Un día de gran fiesta para la ciudad ocurría cuando jugaban los dos equipos rivales de la localidad. El abuelo hincha del equipo naranja desde su fundación se jactaba de haber jugado en él durante su época gloriosa. Describía uno a uno la nómina de aquel tiempo (y también la actual claro está), los marcadores que tuvieron, los campeonatos ganados.
Estos comentarios que habían acompañado la
crianza del ahora ya padre, también fueron hechos al nieto; no obstante, tanto
en uno como en el otro los resultados de dichos comentarios había arrojado
resultados no esperados.
Abuelo, padre y nieto se dispusieron a tomar
su respectivo puesto en las graderías del estadio. El viejo tenía pegado a su
oreja un pequeño radio, el hijo atendía los comentarios dados por los parlantes
del estadio y el hijo sintonizaba su ipod.

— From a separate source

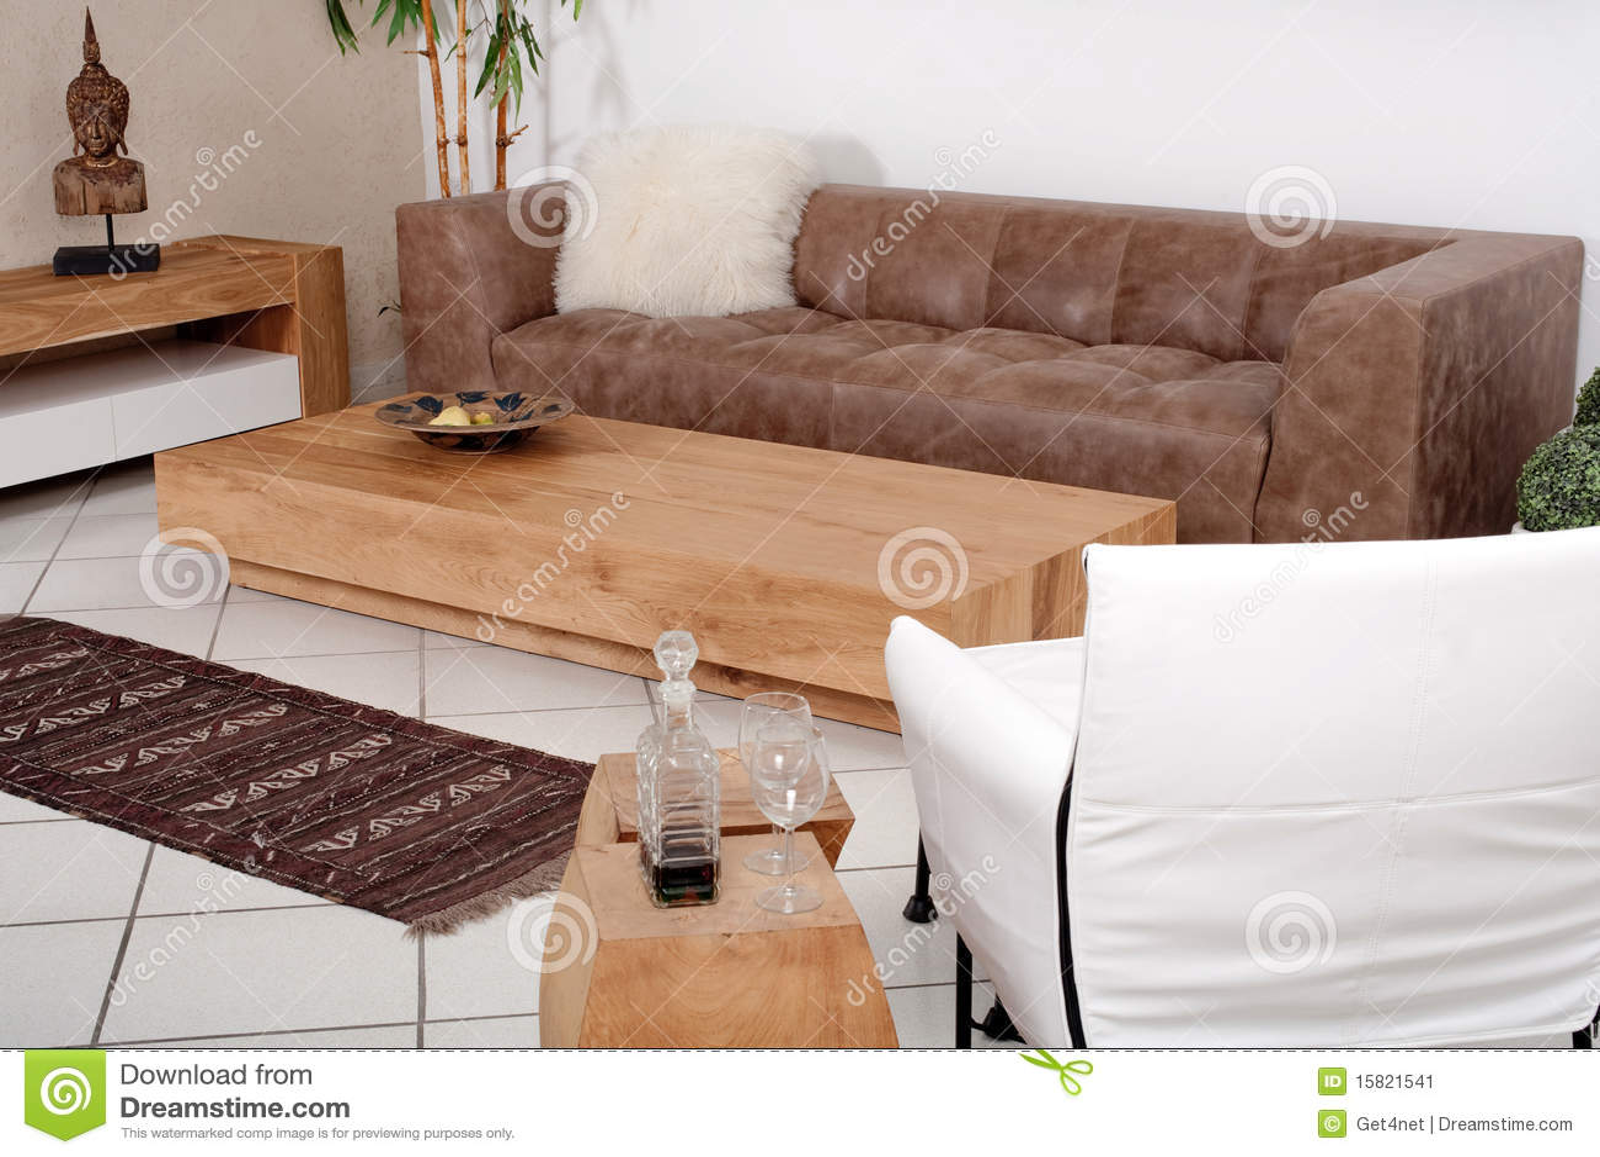 Interiores modernos lujosos imagen de archivo imagen - Muebles de interior modernos ...

Actos de protocolo: himno nacional, saludo
de jugadores, saque de honor, baile de bastoneras, todo ello pasó y se dio paso
a lo esencial y así empezaron la emociones.
Frecuencia cardiaca alta, sudoración
profusa, arengas en contra y vítores manaban de todo el estadio, y en un lugar
minúsculo de éste se podía evidenciar una parte elemental a este todo, la
reunión tripartita representaban los tres grandes actores de éste gran drama.
El abuelo del equipo naranja, el hijo árbitro y el nieto fanático del equipo
negro: polaridad y equilibrio hacían presencia.
El jugador número siete del equipo naranja
se saca al último defensa del equipo negro y
disponiéndose a patear al marco,
de pronto, de la nada, aparece un jugador negro que corta abruptamente
la clara opción de gol. La barra negra enmudece por unos segundos, mientras la
barra naranja pide justicia al árbitro. Para los naranja había caído el jugador
en la zona del penalti y para los de negro había caído fuera de esta. Pronto la
gresca se hizo presa en la cancha y de ella pasó al estadio entero y la
“reunión” tripartita daba fe de ello:
-¡Eso fue adentro! Decía el abuelo pálido
mientras movía su puño.
-¡Papá
por favor tranquilízate! Le decía el hijo al anciano
encolerizado.
¡Mijo que le está pasando! Le decía el papá
a su joven hijo mientras separaba con un brazo al viejo.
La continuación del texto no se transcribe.